To elucidate how variants in genetic risk loci previously implicated in Alzheimer’s Disease (AD) and/or frontotemporal dementia (FTD) contribute to expression of disease phenotypes, a phenome-wide association study was performed in two waves. In the first wave, we explored clinical traits associated with thirteen genetic variants previously reported to be linked to disease risk using both the 23andMe and UKB cohorts. We tested 30 additional AD variants in UKB cohort only in the second wave.

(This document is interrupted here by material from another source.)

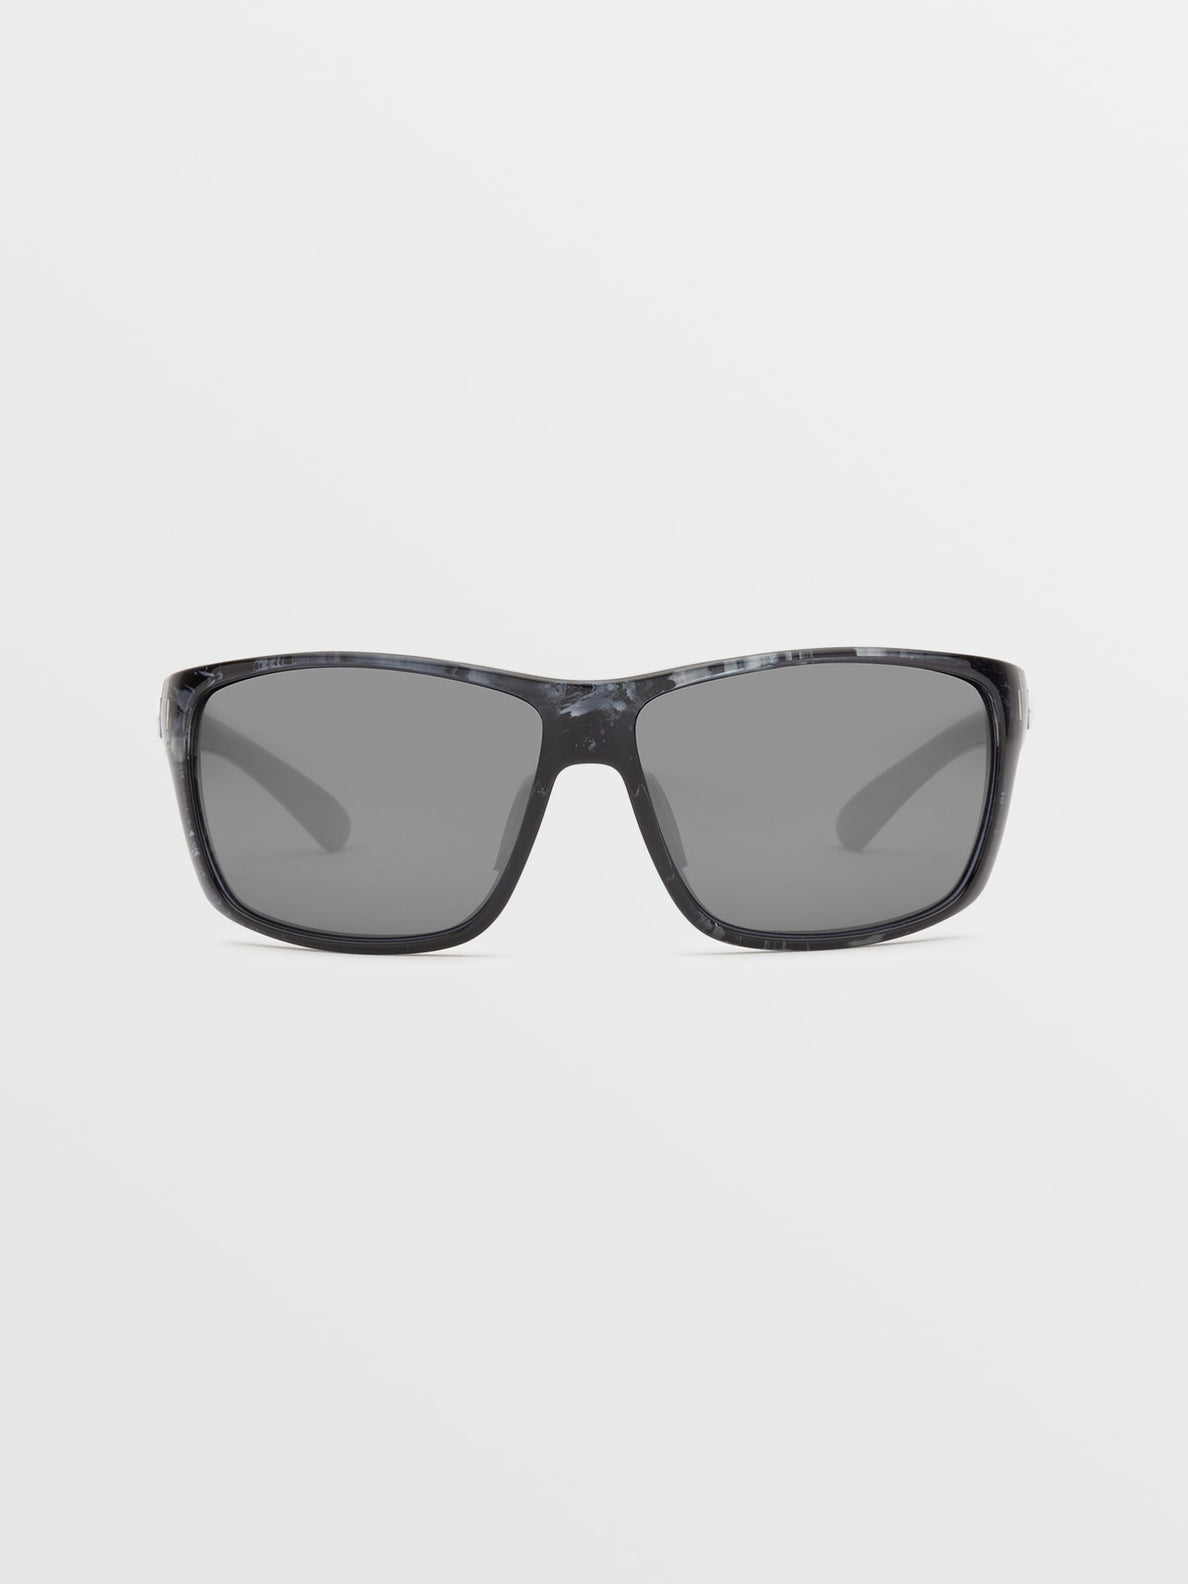 Roll Sunglasses - Gloss Marble/Silver Mirror (VE01504118_MRB) [F]

APOE variants defining ε2/ε3/ε4 alleles and rs646776 were identified to be significantly associated with metabolic/cardiovascular and longevity traits. APOE variants were also significantly associated with neurological traits. ABI3 variant rs28394864 was significantly associated with cardiovascular (e.g. (hypertension, ischemic heart disease, coronary atherosclerosis, angina) and immune-related trait asthma. Both APOE variants and CLU variant were significantly associated with nearsightedness. HLA- DRB1 variant was associated with diseases with immune-related traits. Additionally, variants from 10+ AD genes (BZRAP1-AS1, ADAMTS4, ADAM10, APH1B, SCIMP, ABI3, SPPL2A, ZNF232, GRN, CD2AP, and CD33) were associated with hematological measurements such as white blood cell (leukocyte) count, monocyte count, neutrophill count, platelet count, and/or mean platelet (thrombocyte) volume (an autoimmune disease biomarker). Many of these genes are expressed specifically in microglia. The associations of ABI3 variant with cardiovascular and immune-related traits are one of the novel findings from this study. Taken together, it is evidenced that at least some AD and FTD variants are associated with multiple clinical phenotypes and not just dementia. These findings were discussed in the context of causal relationship versus pleiotropy via Mendelian randomization analysis.

Highlights

  • Genome Wide Association Study (GWAS) is a powerful approach in identifying genetic risk loci

  • The directionality of association is consistent with the protective vs. risk effect of two Apolipoprotein E (APOE) single-nucleotide polymorphisms (SNPs) in that the minor allele of rs7412 was associated with lower risk of high cholesterol, while the minor allele of rs429358 was associated with higher risk of high cholesterol (p = 6.6 x 10−295)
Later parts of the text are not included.